Bon. J’avoue, j’ai fumé la moquette.
En fait, la moquette du jardin d’Alicia, qui consiste en de tout petits champignons trop mignons qu’elle a sauvagement arrachés et séchés, et donc on les a fumés. N’ayez crainte, grâce à la science moderne on savait ce qu’on faisait, on connaissait la sous-sous-espèce, le nom latin, les effets potentiels, indésirables, etc., et même les différentes recettes de cuisine possible.
Tout était sous contrôle, et donc les hallucinations étaient prévues et consenties.
Mais faut que j’vous raconte.
Bon.
Les lumières avaient des musiques.
Les musiques avaient des couleurs.
Alicia me transmettait des choses par la pensée, on est bien d’accord, des choses qu’on a jamais dites, on le sait vu qu’on s’est filmées. Mais on s’en souvient toutes les deux.
Les tentures aux murs bougeaient, et aujourd’hui où je vous parle, je sens toujours qu’elles bougent au-delà de ma perception. Je ne suis juste plus capable de les voir de la même manière.
C’est une réalité au-delà de mes sens. La prise de drogue hallucinatoire m’a juste fait prendre conscience que le mot « hallucination » nous trompe. On pense que la drogue plaque des images fausses sur la vérité physique, mais c’est juste notre perception qui change. J’ai appris que certaines de mes soi-disant hallucinations visuelles se rapprochaient probablement de la perception visuelle de certains iguanes.
Bref.
Ce n’est ça qu’il faut que je vous raconte.
On avait faim, et donc on est sorties au supermarché.
Vous vous dites la partie terre à terre de la prise de drogue.

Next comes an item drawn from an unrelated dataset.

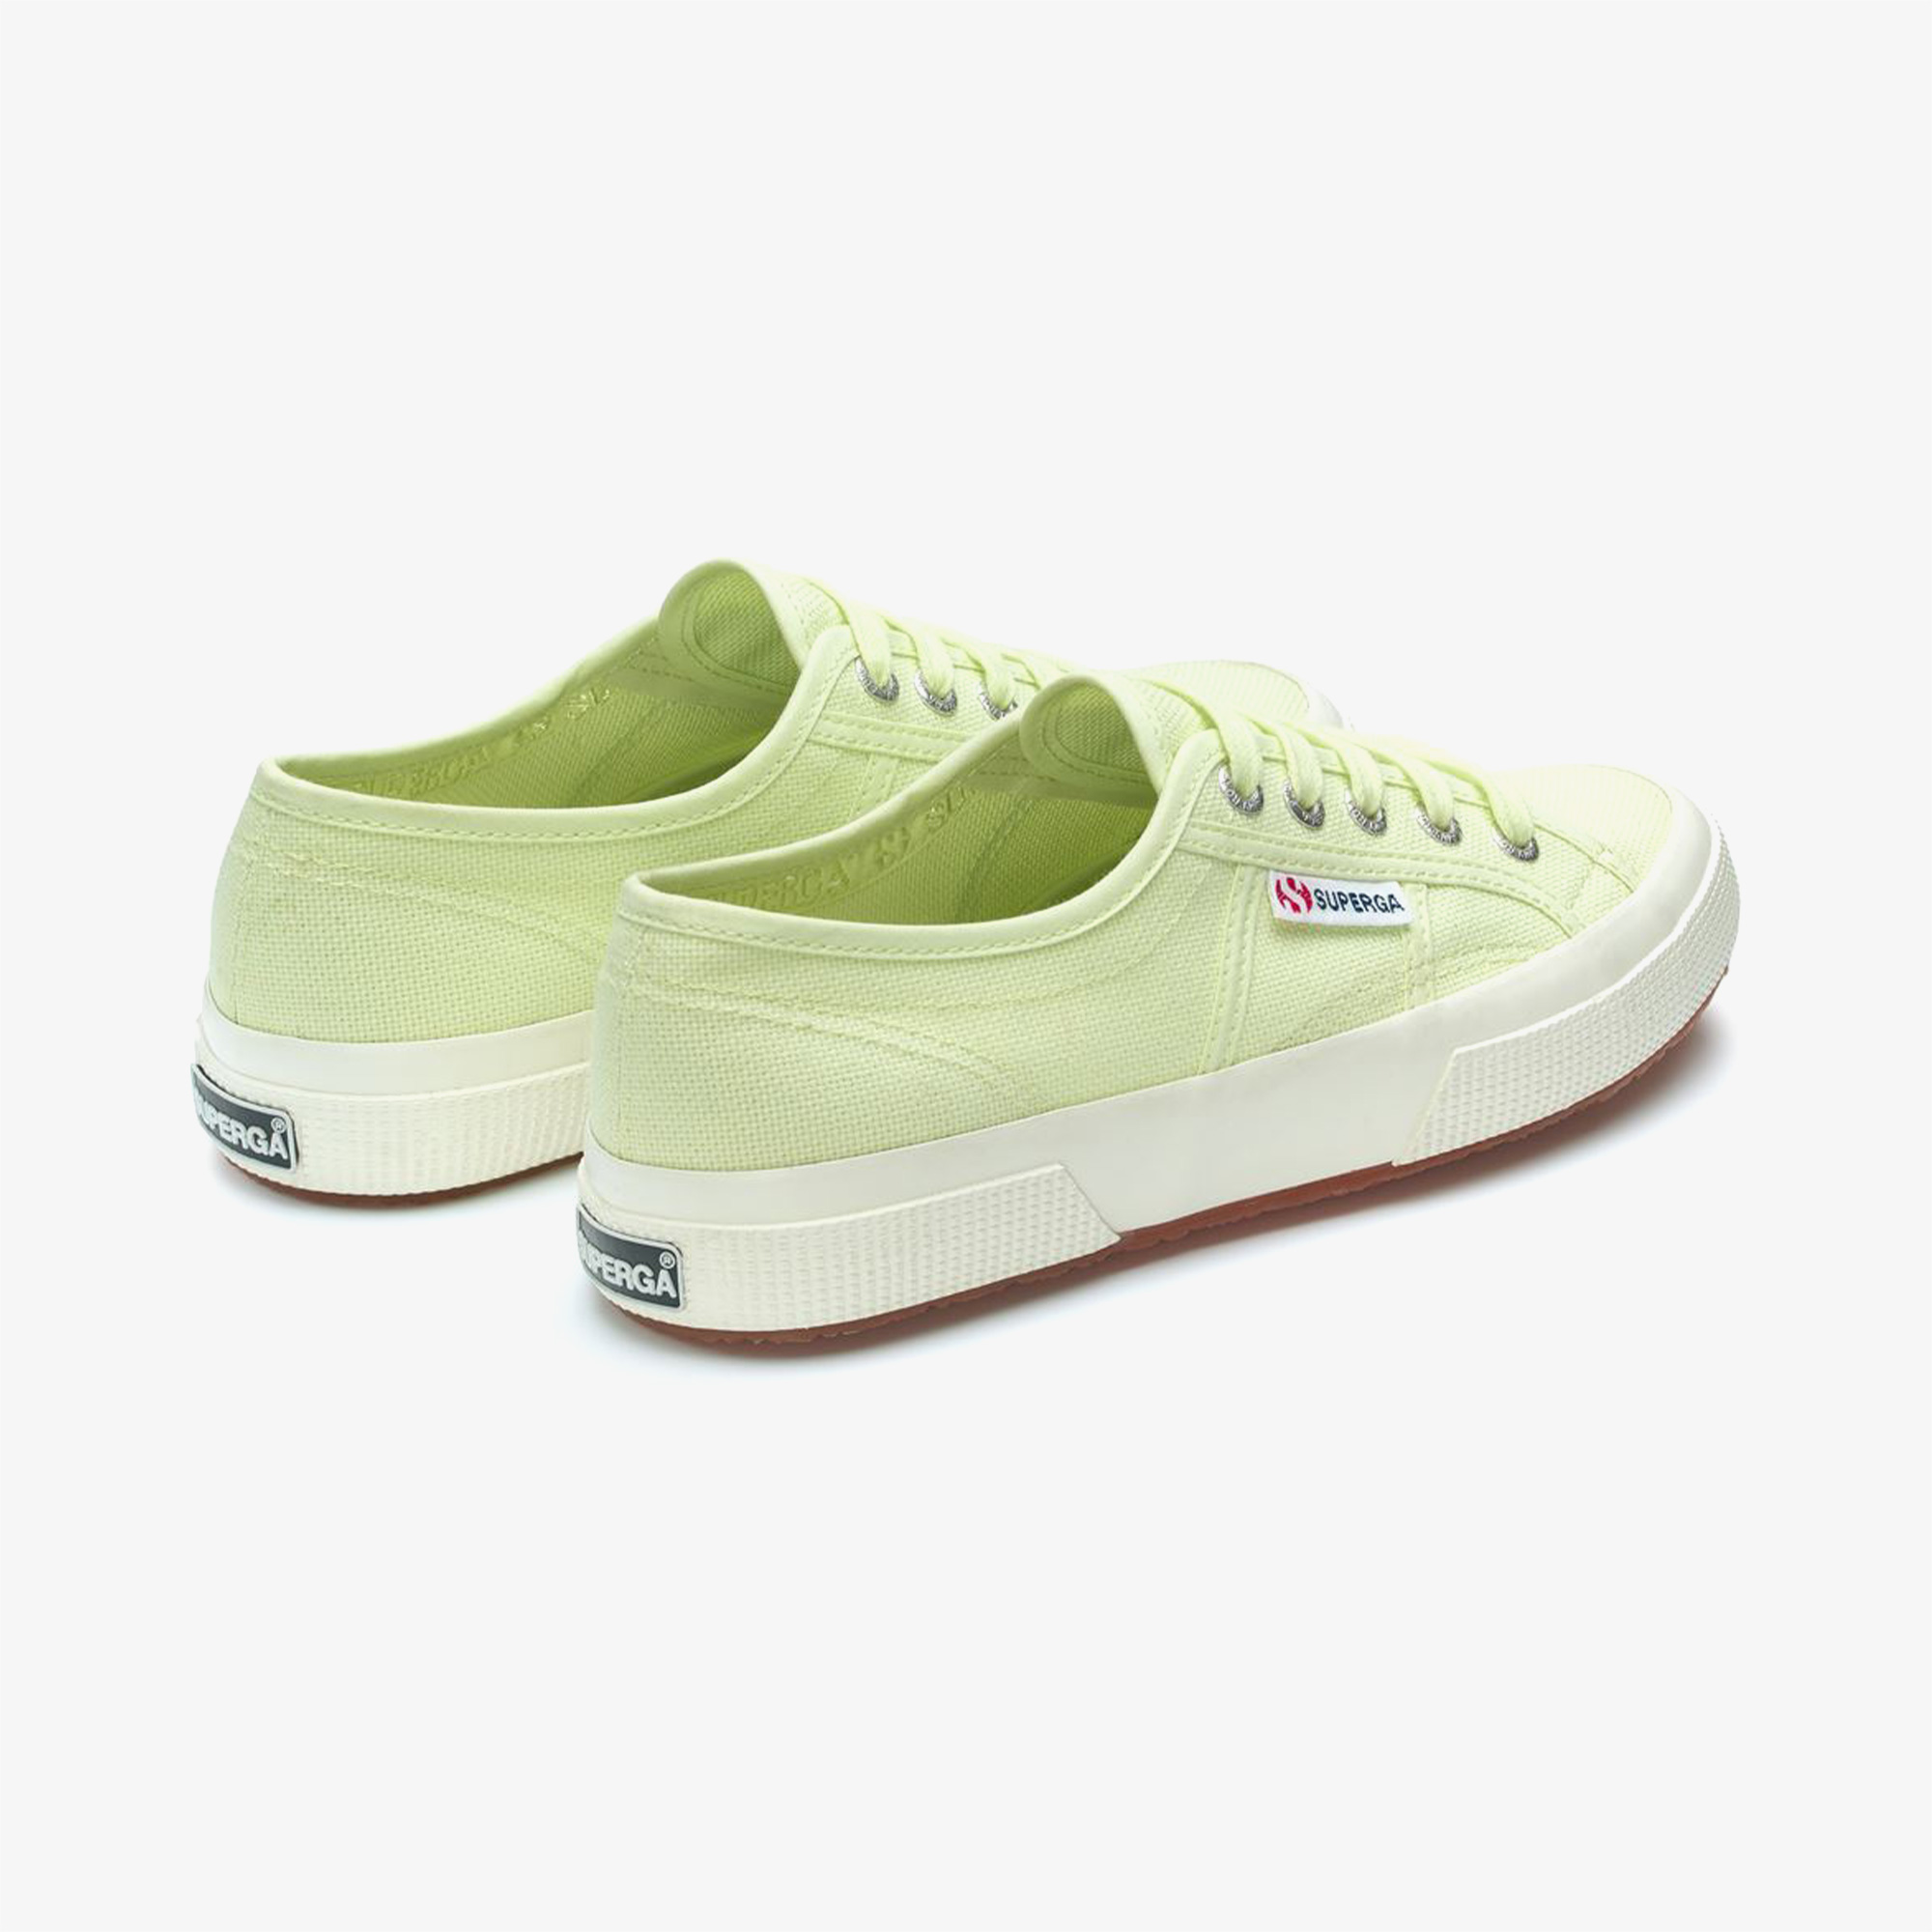 Superga 2750 Cotu Classic Kadın Yeşil Sneaker

Ça va swinguer du réel, envoyer du concret, tabasser les hallus.
J’vous jure que c’était tout le contraire. Il y avait des trucs de dingues. Des bouts d’animaux dans, du plastique, genre pas des animaux entiers, des bouts.
Il y avait des bouts d’animaux broyés, reréunis, et précuits sous plastique, à recuire, mais venant de loin, et périmés le lendemain.
J’ai commencé à phaser réellement, je voyais tous le plastique du magasin comme un genre d’organisme vivant entre moi et les légumes et animaux morts, vraiment chelou.
Et là le plastique a commencé à me guider. Je sais pas, je l’entendais me parler, il me parlait de son œuvre, de son chef-d’œuvre, de sa gloire. Il me disait qu’il fallait que je voie ça pour comprendre son âme. Sur le moment, ça m’a paru plutôt normal.
Bon, aujourd’hui…
Et là, j’ai vu un œuf au plat précuit à réchauffer au micro-ondes, dans du plastique.